THE BEST NEWS about affirmative action this year was not that Harvard has met or is close to meeting its far too modest hiring goals for minorities and women, but that a group of students decided to band together to show the uglier side of the University's program. In forming the task force for affirmative action, twelve student groups took upon themselves a job they felt Harvard and the Boston Office of Civil Rights were performing inadequately--ending Harvard's alleged discriminatory practices and setting the University on a path of better faith and more liberal hiring projections.
Harvard has made far from impressive progress in increasing its representation of women and minorities. The tenured faculty here is still 92 per cent white and male, and minorities and women are still represented in greatest proportion in the lowest paying jobs.
So while the University is publicly patting itself on the back, issuing favorable statements, as the Faculty has recently, about the progress made, a tremendous amount remains to be done. As the in-house promotion of Dean Whitlock indicates, beneath the University's liberal facade, administrators are doing the minimum rather than going out of their way--as affirmative action demands they do--to act in better faith.
No student group, however, should take on this responsibility alone.

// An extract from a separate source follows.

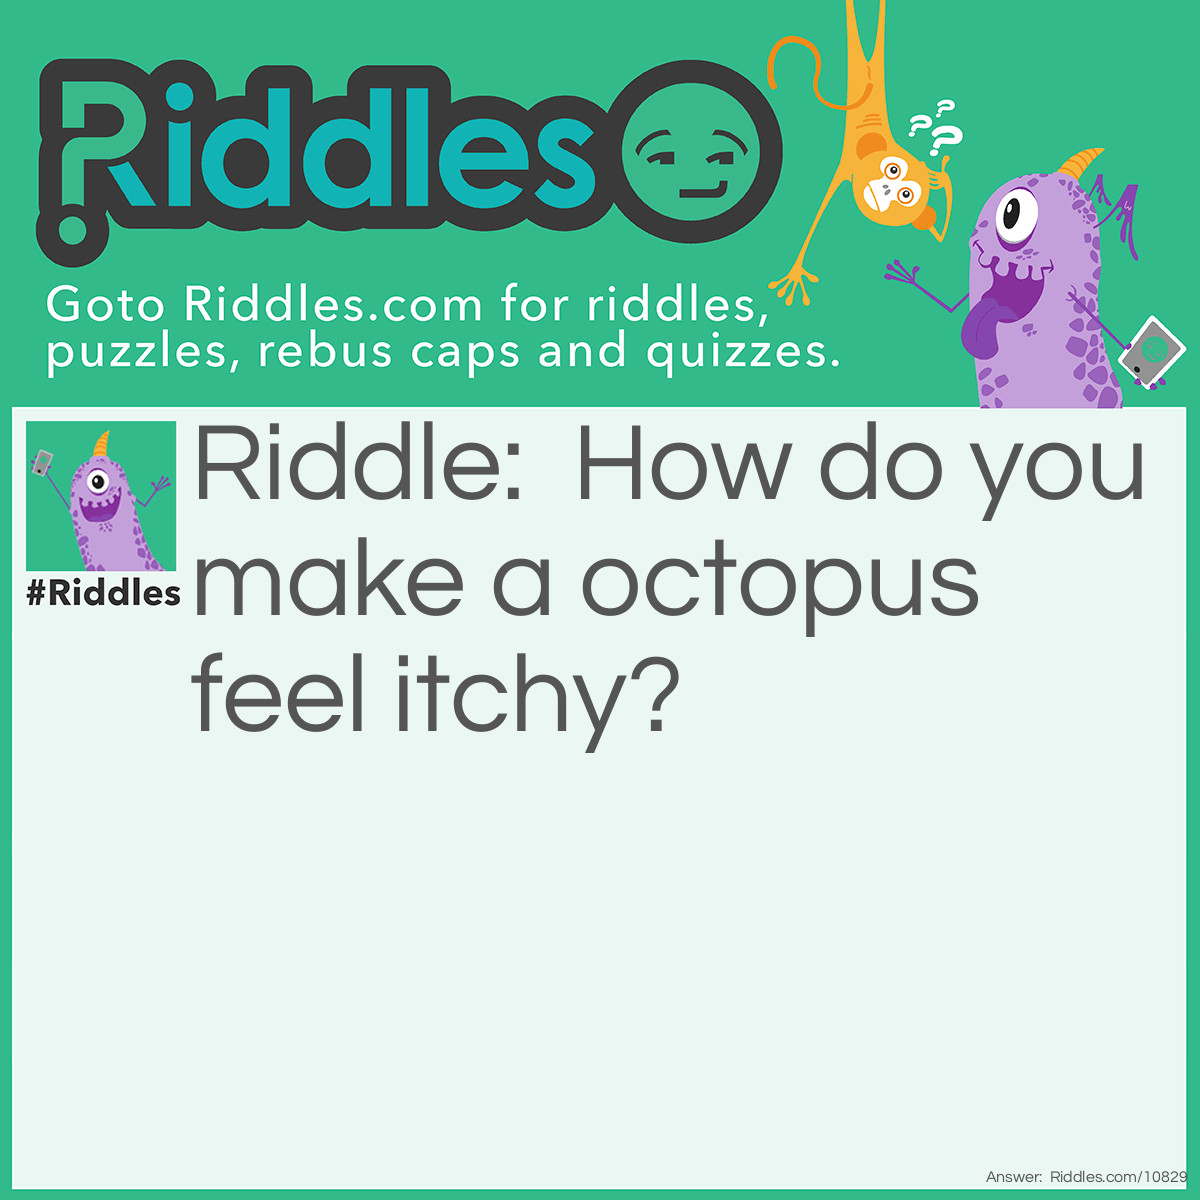 Riddle: How do you make a octopus feel itchy? Answer: Tentacles (ten tickles)
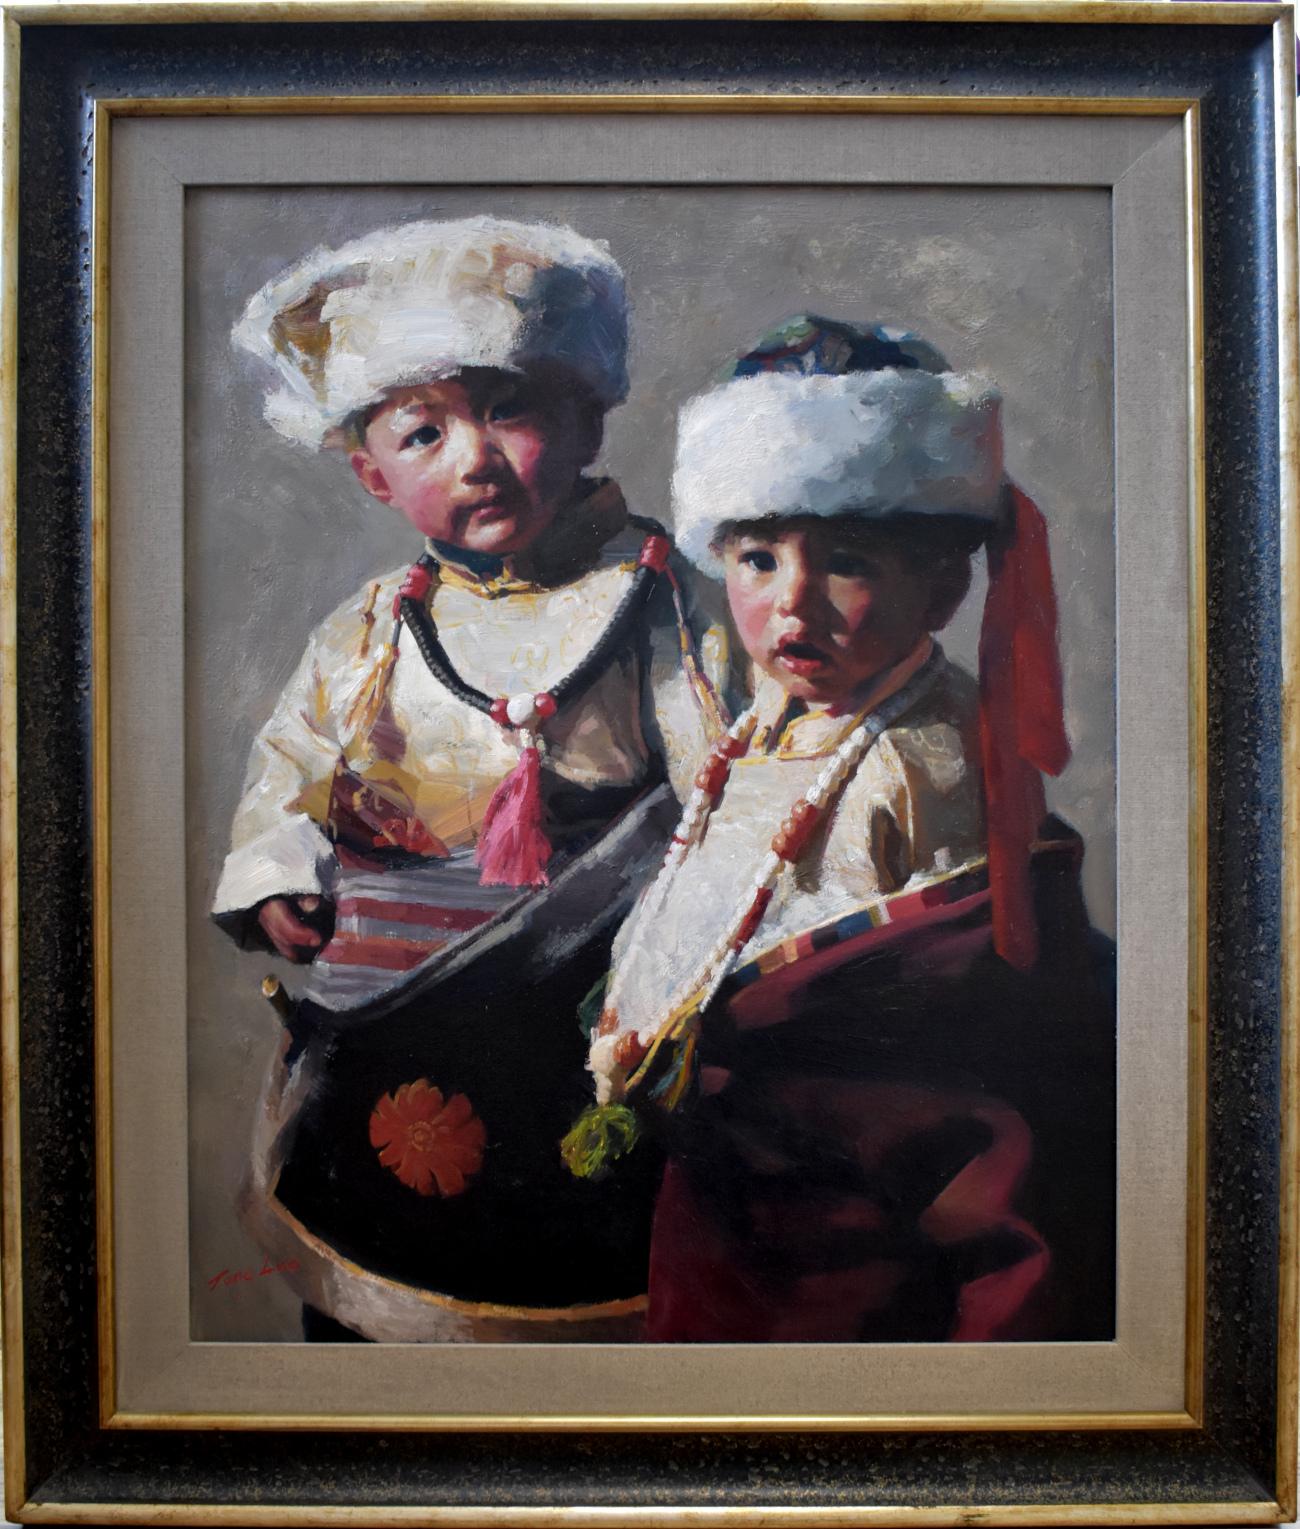 Tong Luo Figurative Painting – „Two Boys“ CHINESE YOUNG BOYS.  SCHÖN

Lacking funds, student support and student interest, the task force has had to move slowly toward its goal. And the real tragedy lies in the fact that this ought not to be the task of students at all. The University must push itself toward more willing and fuller compliance by changing its attitude toward increasing minority and female representation. And if Harvard continues to refuse to make this change, it is the responsibility of the Office of Civil Rights to force compliance with federal guidelines.
The task force is to be applauded for its efforts, and the University and the government officers seriously criticized for forcing students to assume their mandated responsibilities.